Court Opinion

ID: 1037548
Source: CourtListenerOpinion
Date Created: 2013-08-13 20:06:32.169574+00
Date Added: 2024-06-11T12:46:42.136810
License: Public Domain

FILED
                           NOT FOR PUBLICATION                             AUG 13 2013

                                                                        MOLLY C. DWYER, CLERK
                    UNITED STATES COURT OF APPEALS                       U.S. COURT OF APPEALS

                            FOR THE NINTH CIRCUIT

In the Matter of: HARRINGTON                     No. 11-56831
TOOLS, INC.,
                                                 D.C. No. 2:10-cv-08005-PA
              Debtor,

                                                 MEMORANDUM*
HARRINGTON TOOLS, INC.,

              Appellant,

  v.

SUNLAND CHEMICAL AND
RESEARCH CORP., AKA Sunland
Chemical Corp.,

              Appellee.

                    Appeal from the United States District Court
                       for the Central District of California
                     Percy Anderson, District Judge, Presiding

                            Submitted August 9, 2013**
                               Pasadena, California

        *
             This disposition is not appropriate for publication and is not precedent
except as provided by 9th Cir. R. 36-3.
        **
             The panel unanimously concludes this case is suitable for decision
without oral argument. See Fed. R. App. P. 34(a)(2).
Before: SILVERMAN and WARDLAW, Circuit Judges, and GEORGE, Senior
District Judge.***

      Harrington Tools, Inc. (“HTI”) appeals the district court’s order affirming

the bankruptcy court’s decision granting Sunland Chemical & Research Corp.’s

(“Sunland”) motion for summary judgment and affirming the bankruptcy court’s

evidentiary rulings. We have jurisdiction pursuant to 28 U.S.C. §§ 158(d) and

1291, and we affirm.

      The bankruptcy court correctly concluded that HTI’s equitable indemnity

claim against Sunland fails as a matter of law because equitable indemnity “is not

available in the absence of a joint legal obligation to the injured party.” Prince v.

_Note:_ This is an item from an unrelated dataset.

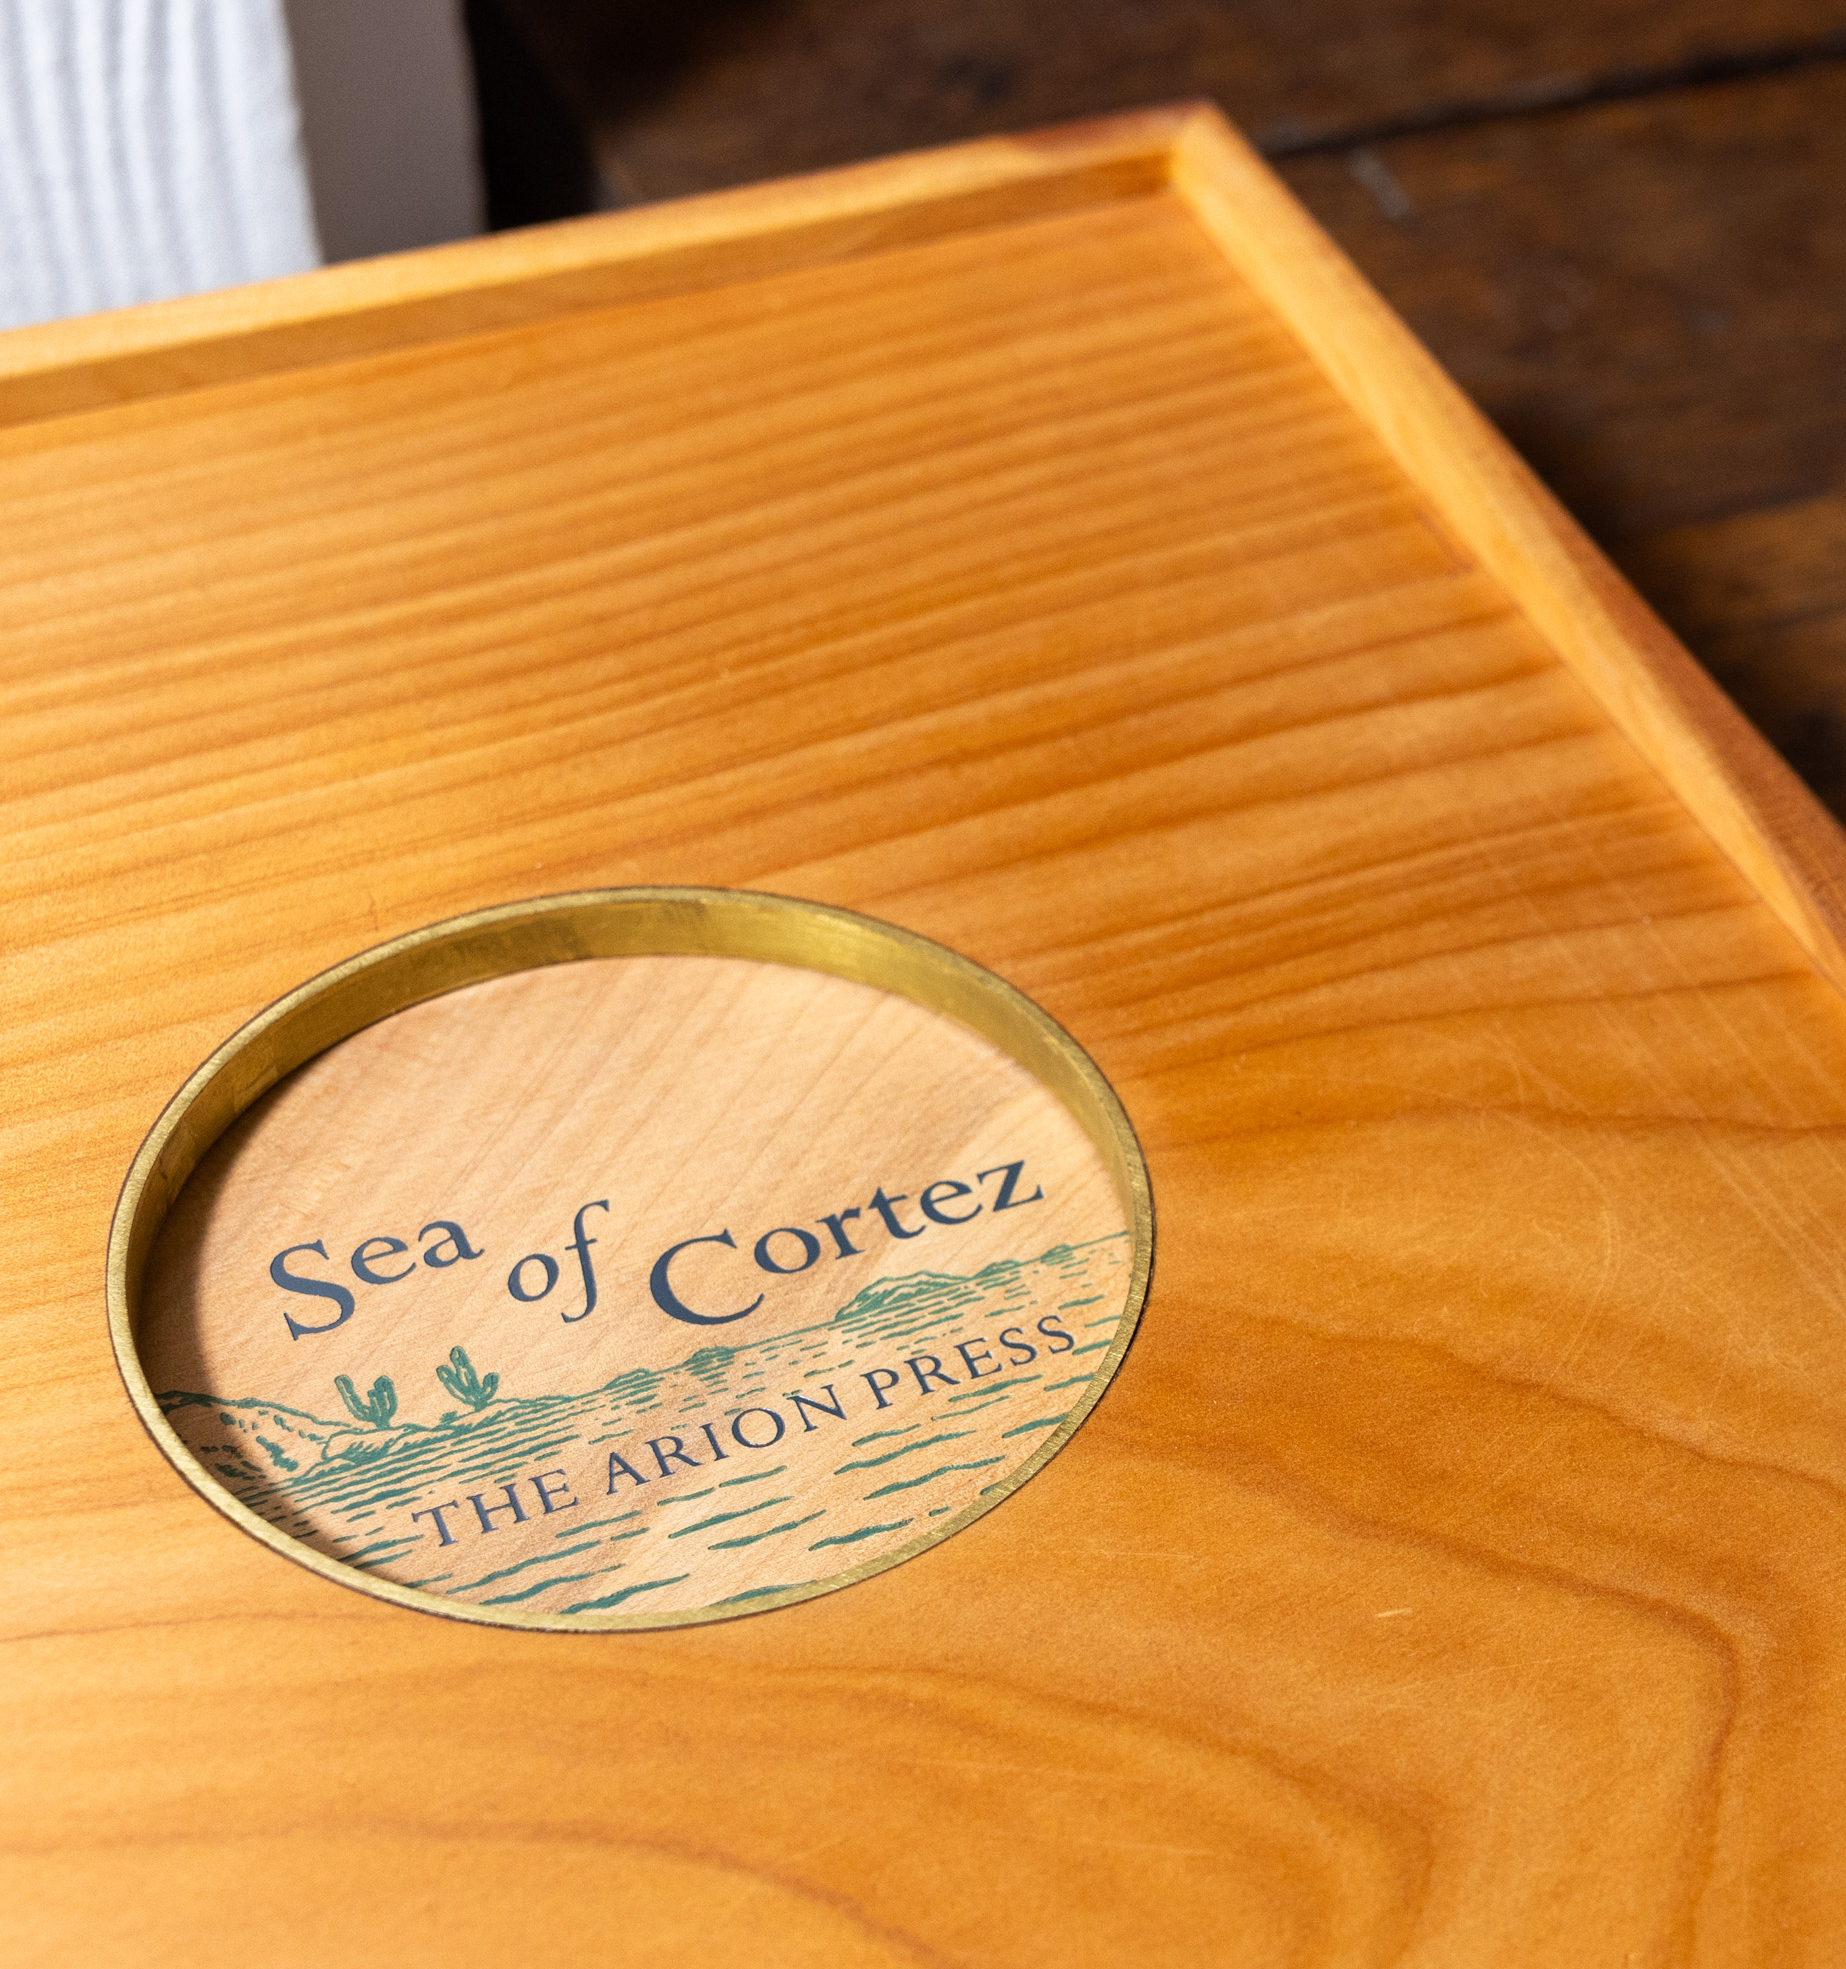 A wooden lid features an inset, rounded, brass-bound window displaying text &quot;Sea of Cortez - The Arion Press&quot; over a stylized wave and cactus illustration.

Pac. Gas & Elec. Co., 202 P.3d 1115, 1122 (Cal. 2009). HTI has not raised a

triable question as to whether HTI and Sunland may be jointly liable to

Community Bank, even under California’s liberal joint liability rules. See Time

For Living, Inc. v. Guy Hatfield Homes/All Am. Dev. Co., 280 Cal. Rptr. 904, 911

(Cal. Ct. App. 1991) (“It is well established that tortfeasors need not have acted in

unison, or even concurrently, to be considered as joint tortfeasors. Even tortfeasors

whose successive acts unite to produce an indivisible injury may be considered

        ***
             The Honorable Lloyd D. George, Senior District Judge for the U.S.
District Court for the District of Nevada, sitting by designation.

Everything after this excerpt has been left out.